BibleTexts.com Glossary of Terms Sin |
Young People's Bible Dictionary
by Barbara Smith (Philadelphia: Westminster, 1965)
sin. Any action that destroys the basic covenant relationship between God and man, or between men. (See covet for an example.) Such actions lead to an inner sickness, also called sin and identified with death, especially in the letters of Paul. Ex. 34:9; Lev. 5:14; 1 Kings 15:26; Ps. 85:2; Isa. 1:18; Amos 5:12; Matt. 9:5; Luke 17:3-4; Rom. 5:12-13; 1 Cor. 15:3.
Harper’s Bible Dictionary
edited by Paul J. Achtemier (San Francisco: Harper and Row, 1985)
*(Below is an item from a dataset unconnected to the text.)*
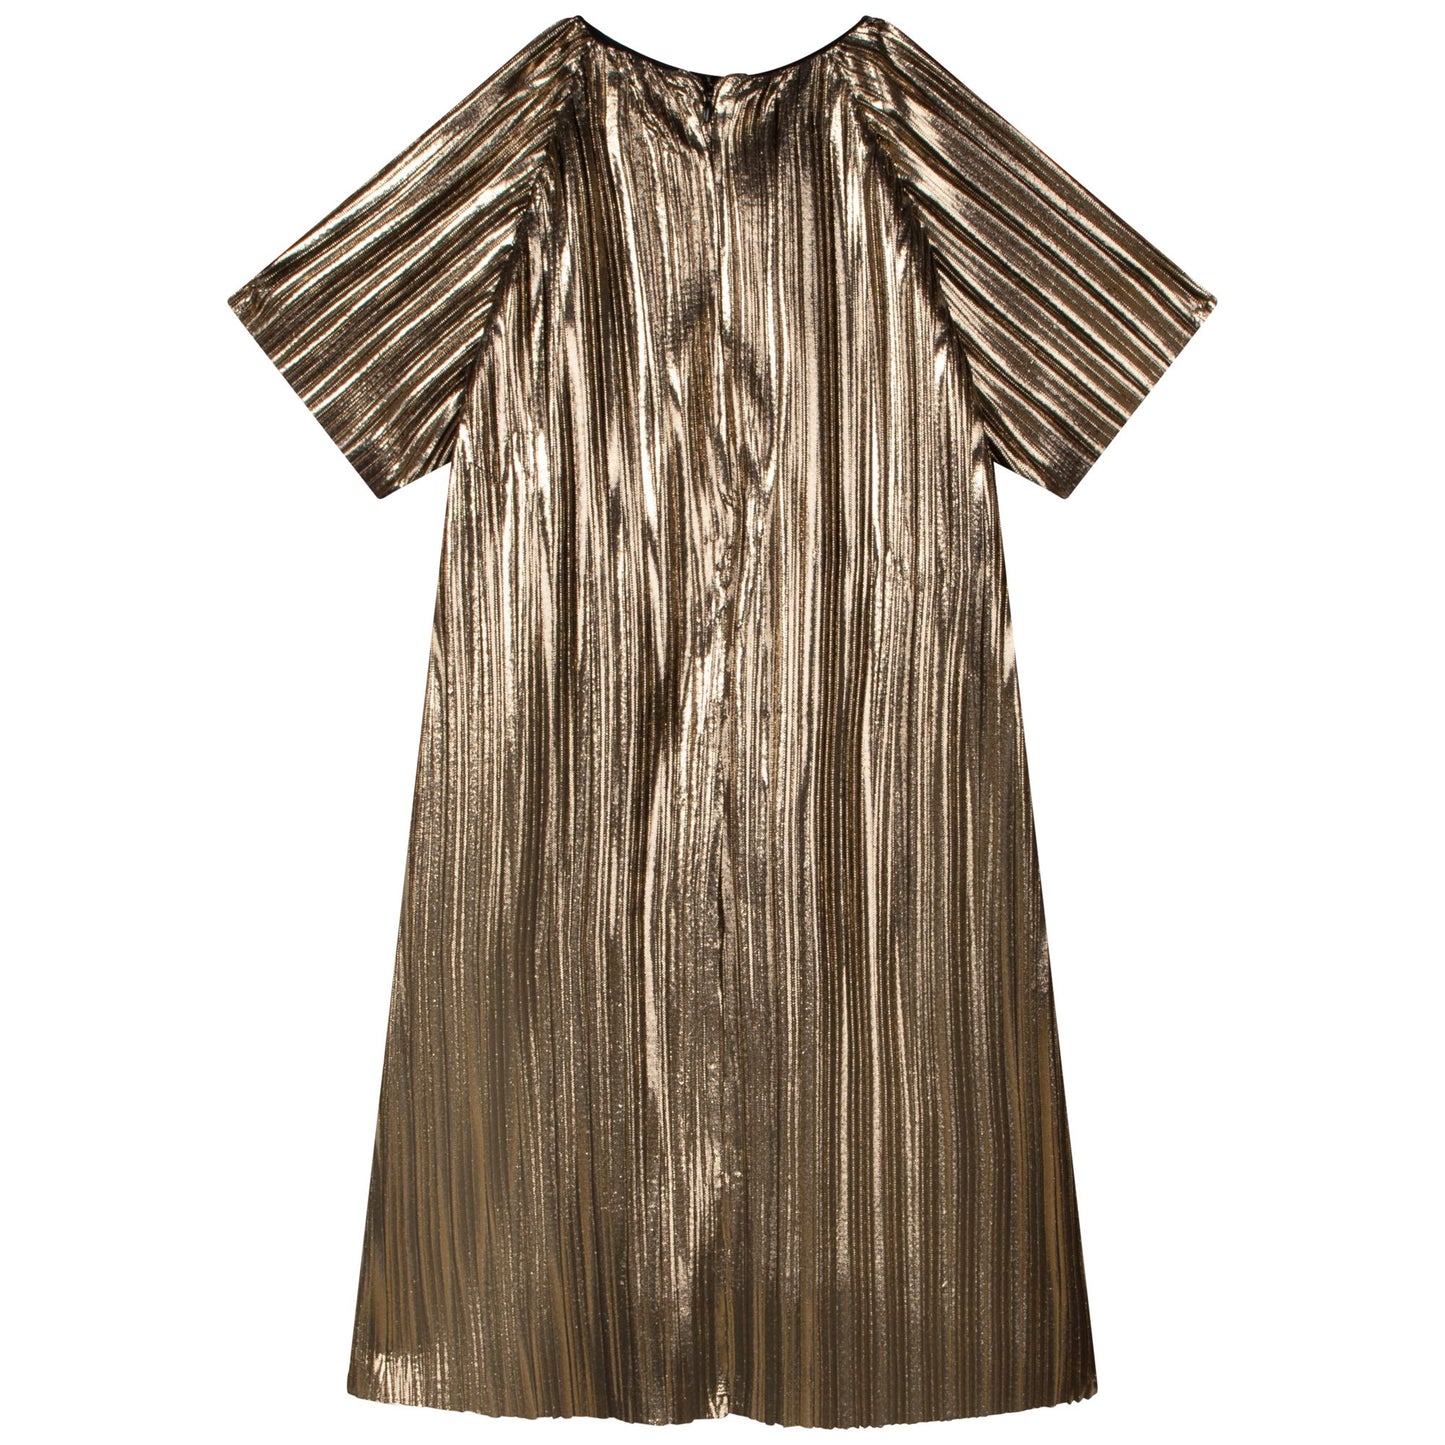 Michael Kors Metallic Pleated S/S Dress _Gold R12130-574

You are strongly recommended to add to your library the excellent revised edition of Harper's Bible Dictionary titled, The Harper Collins Bible Dictionary, Revised Edition, edited by Paul J. Achtemeier, with the Society of Biblical Literature (NY: Harper Collins, 1996). It is currently the best one-volume Bible dictionary in English, and it is available at Border's Books, Christian Science Reading Rooms, http://www.borders.com, or http://www.christianbook.com.
sin, that which is in opposition to God’s benevolent purposes for his creation. According to the biblical writers, sin is an ever-present reality that enslaves the human race and has corrupted God’s created order. The concept of sin is first and foremost a religious concept, because all sin is ultimately against God, God’s laws, God’s creation, God’s covenant, and God’s purposes. It is the basic corrupting agent in the entire universe.
There are numerous Hebrew and Greek words used to designate sin in the biblical writings. Perhaps the most basic is a Hebrew word meaning ‘revolt’ or ‘transgression’ and indicating a deliberate act of defiance against God. This idea lies at the heart of the Genesis account of the beginning of sin (Gen. 3:1-7), where the essential problem lies in the desire of the humans to ‘be like God.’ All sin is an act of idolatry, the attempt to replace the Creator with someone or something else, usually one’s own self or one’s own creation. Paul understood this very well, as he indicates in Rom. 1:18-3:20: all humankind lies under condemnation because all are idolators of one type or another.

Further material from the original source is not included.